**What needs to be done**
Within the records that follow, restate exactly the lines from the line with "Barils de Ganter" down to the line with "Bundesliga 1987/88: FC-Homburg-Spieler", including both. Omit the pictures.

**Data listing**
Content starts
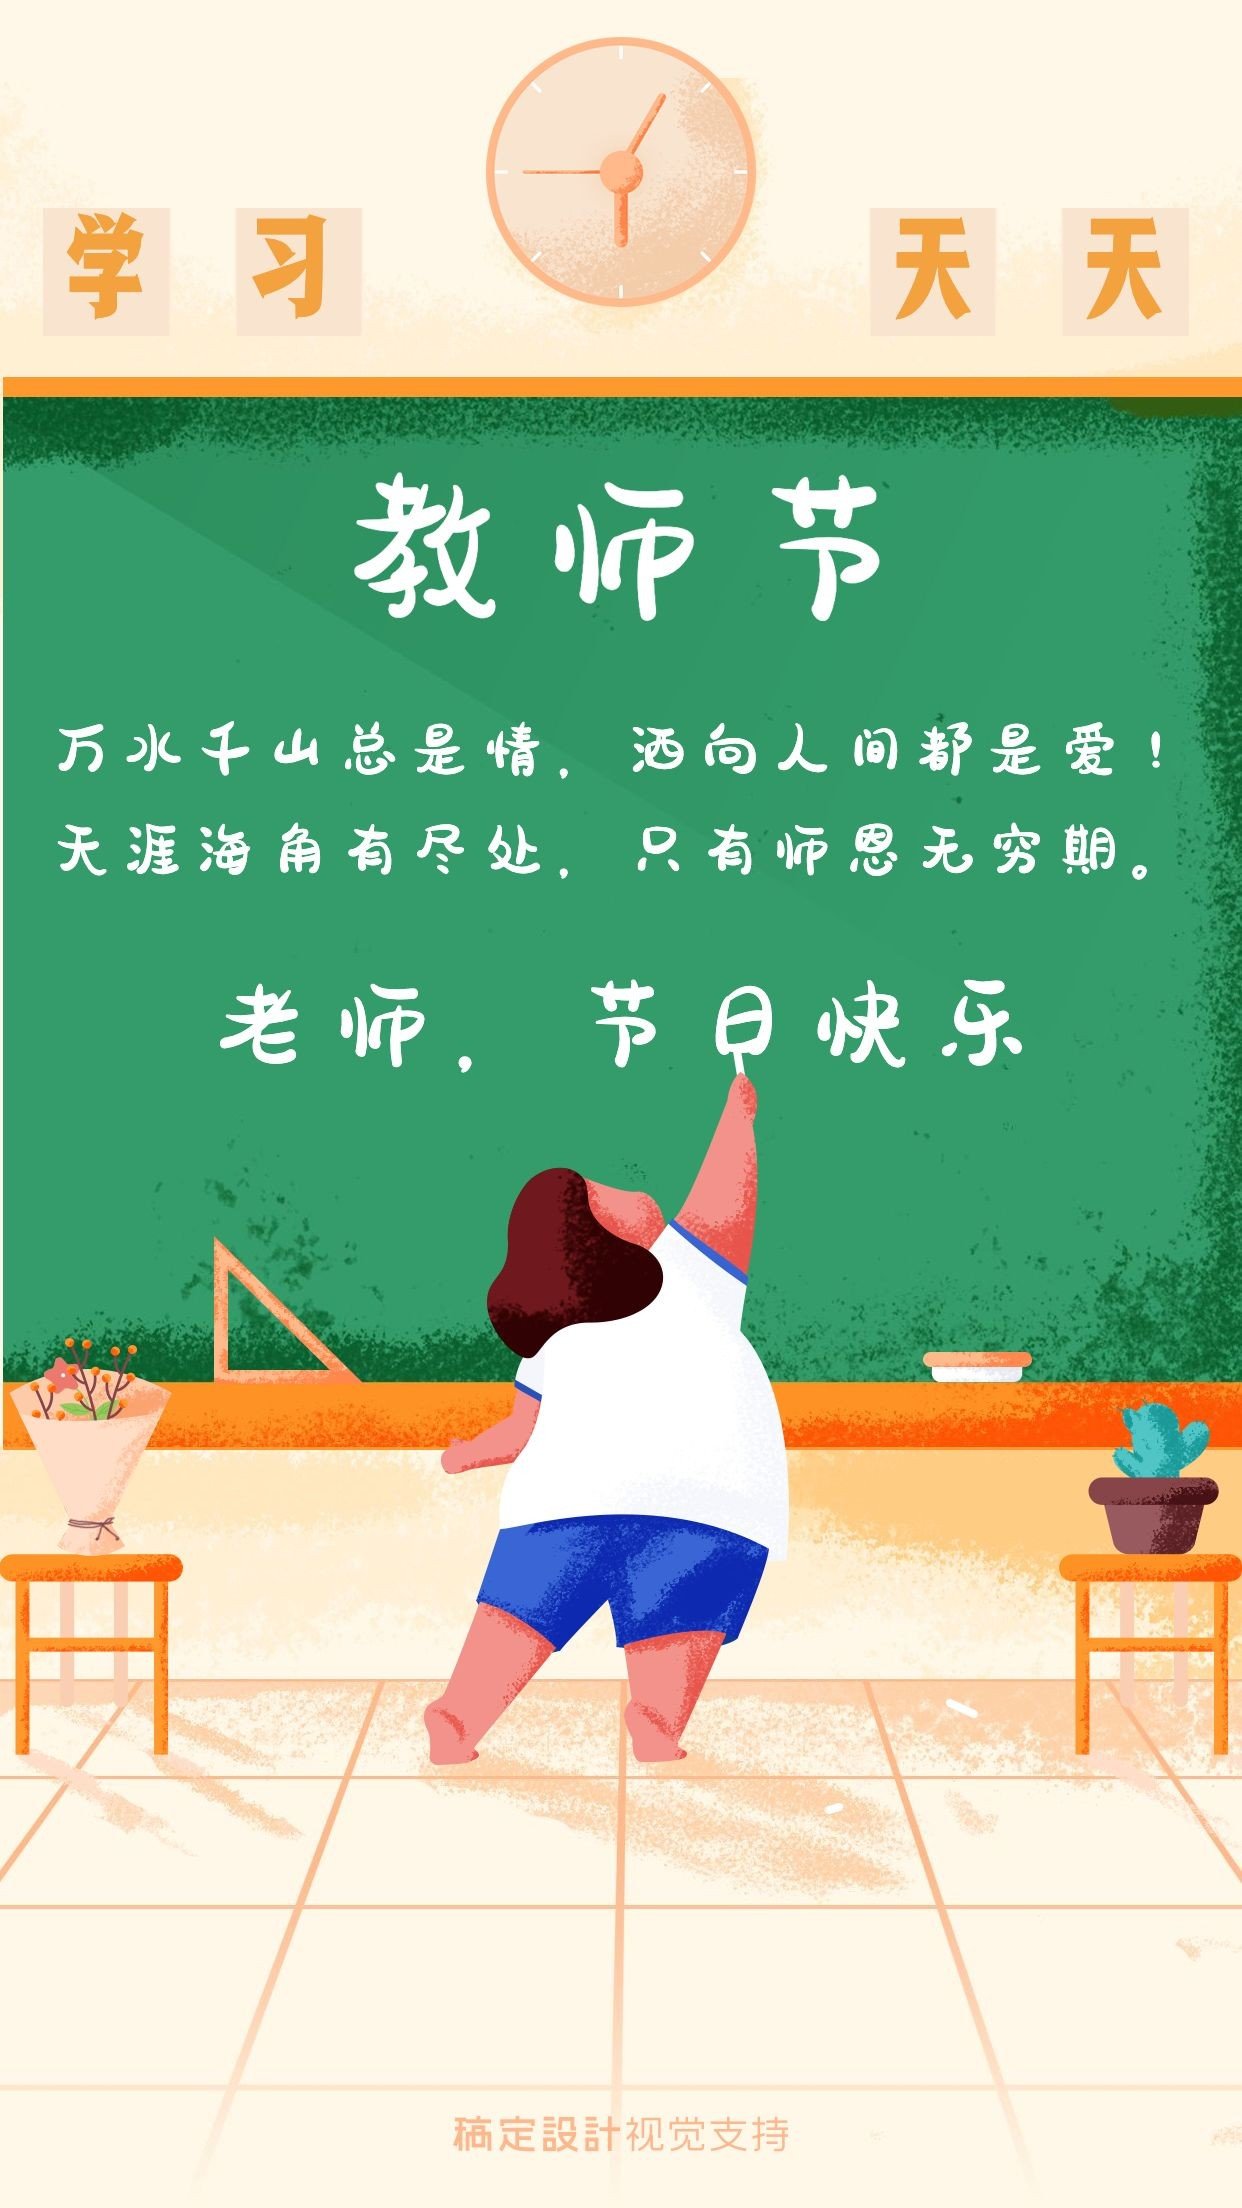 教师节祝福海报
Content ends
Content starts
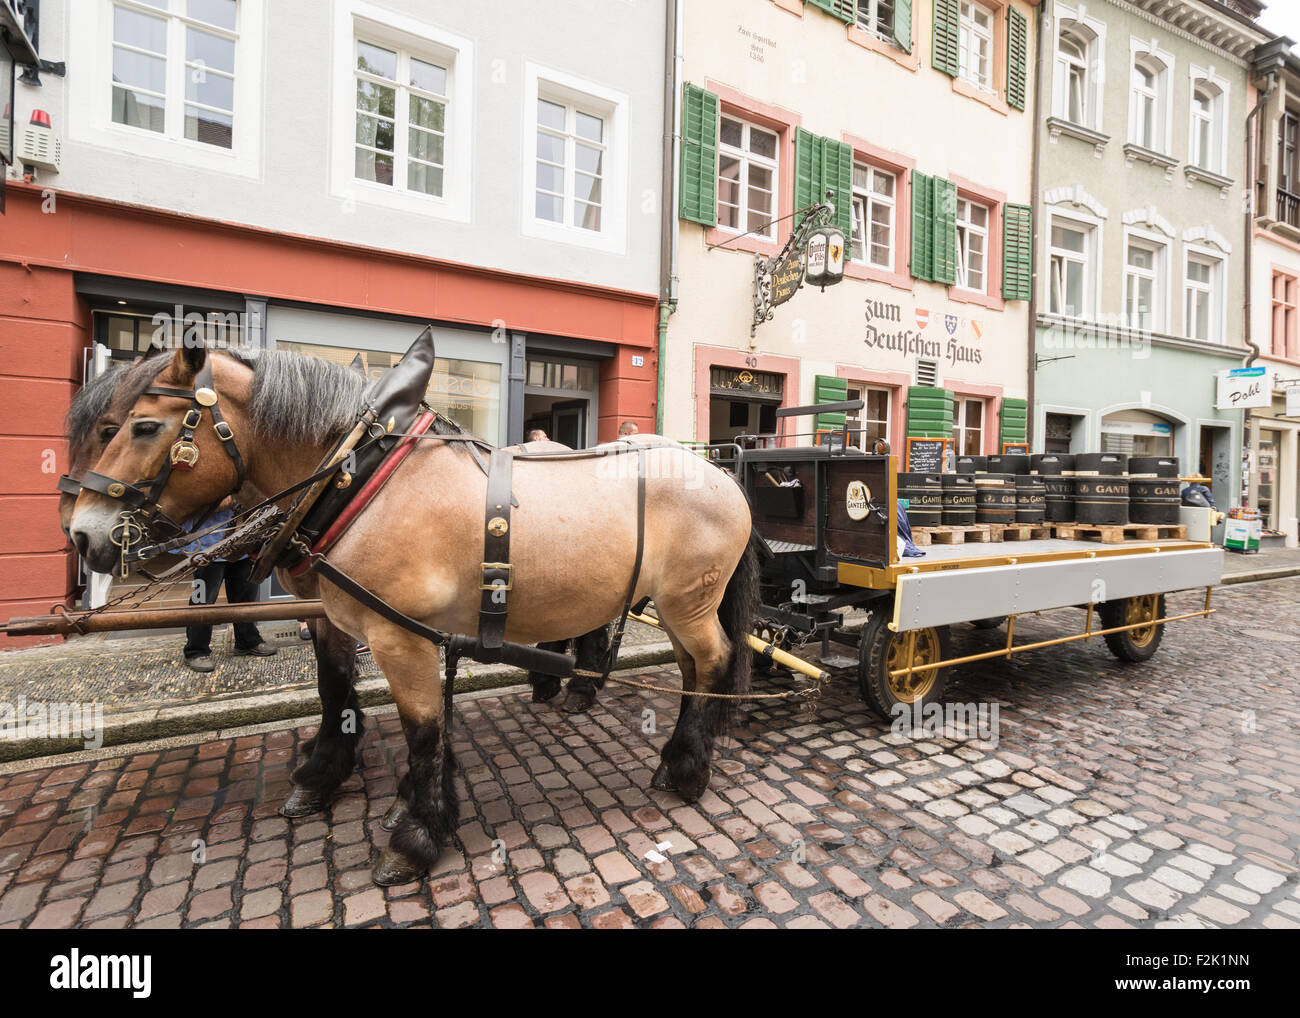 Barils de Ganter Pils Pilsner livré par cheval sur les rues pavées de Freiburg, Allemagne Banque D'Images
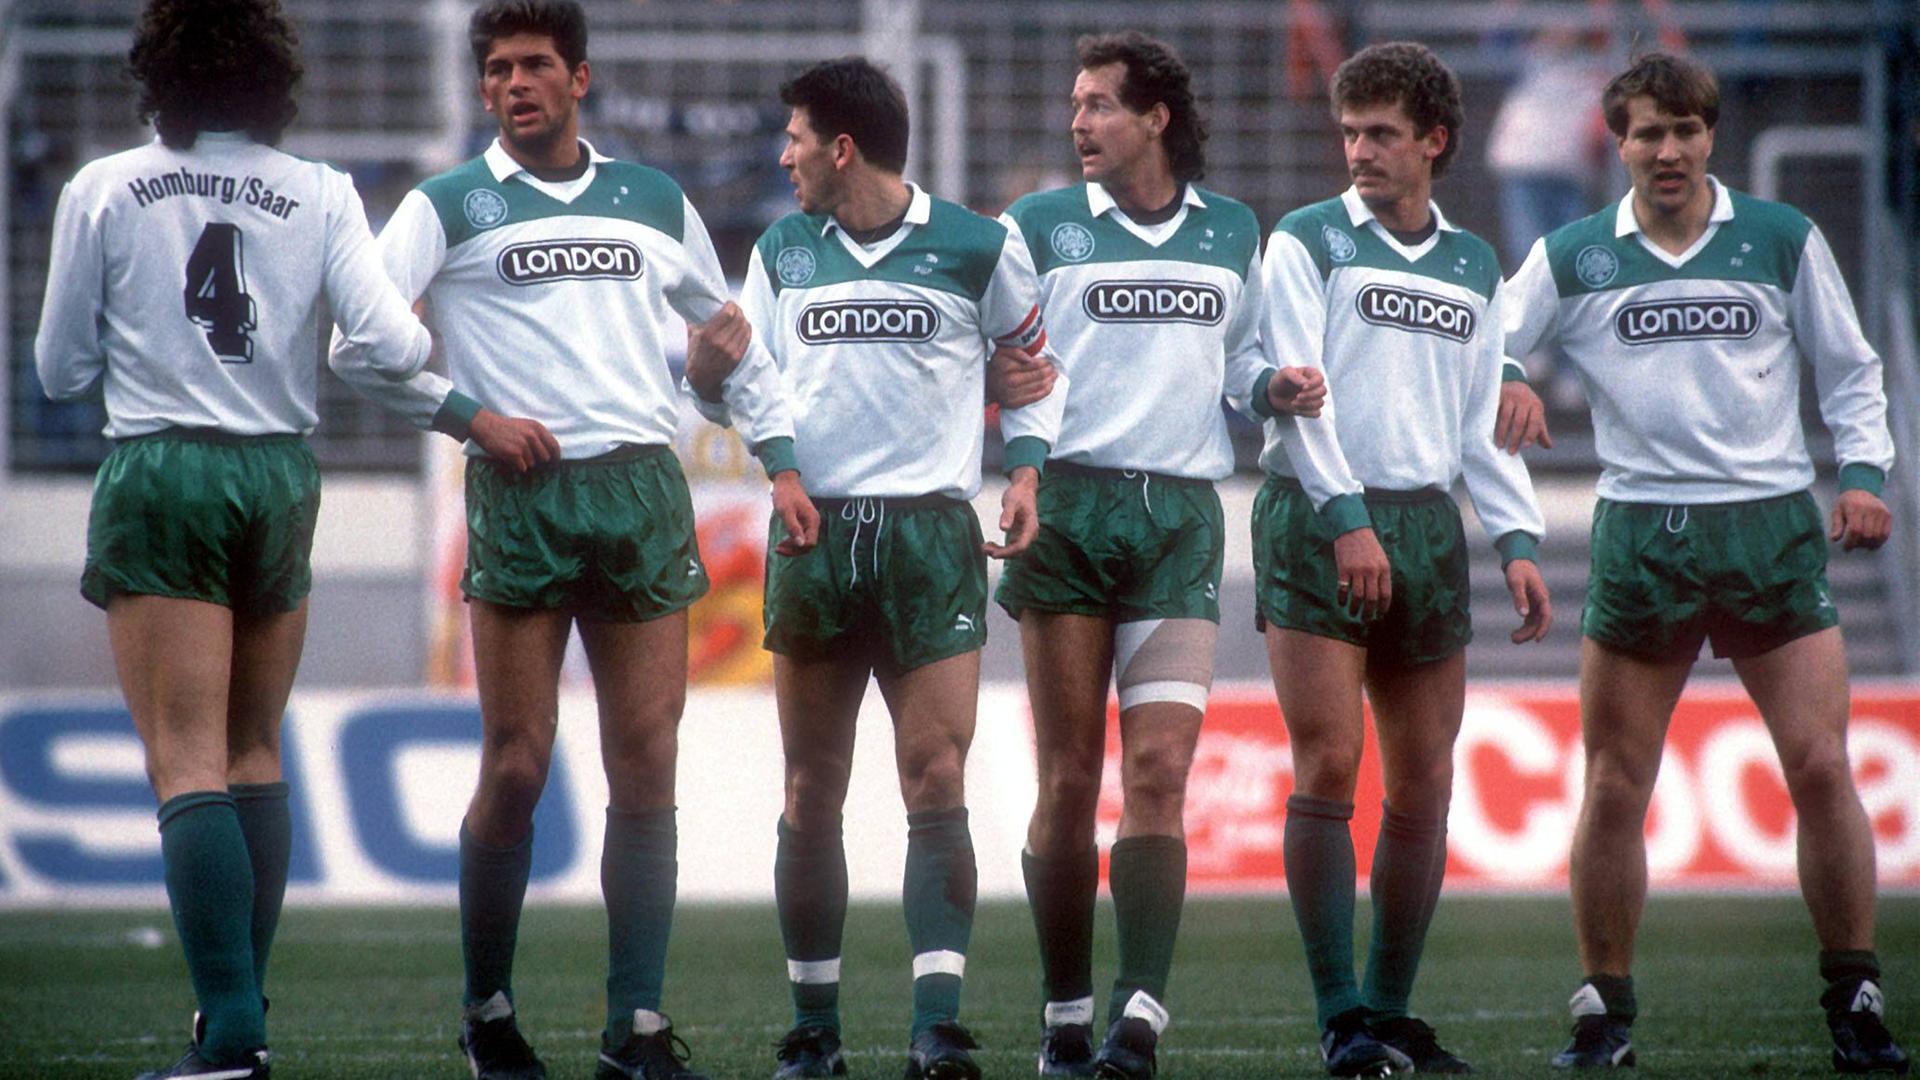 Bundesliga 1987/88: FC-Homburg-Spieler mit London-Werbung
Content ends
Content starts
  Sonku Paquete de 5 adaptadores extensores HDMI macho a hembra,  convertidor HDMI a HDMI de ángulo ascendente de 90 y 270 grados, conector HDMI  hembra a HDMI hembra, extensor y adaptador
Content ends
**Task output**
 Barils de Ganter Pils Pilsner livré par cheval sur les rues pavées de Freiburg, Allemagne Banque D'Images
 Bundesliga 1987/88: FC-Homburg-Spieler mit London-Werbung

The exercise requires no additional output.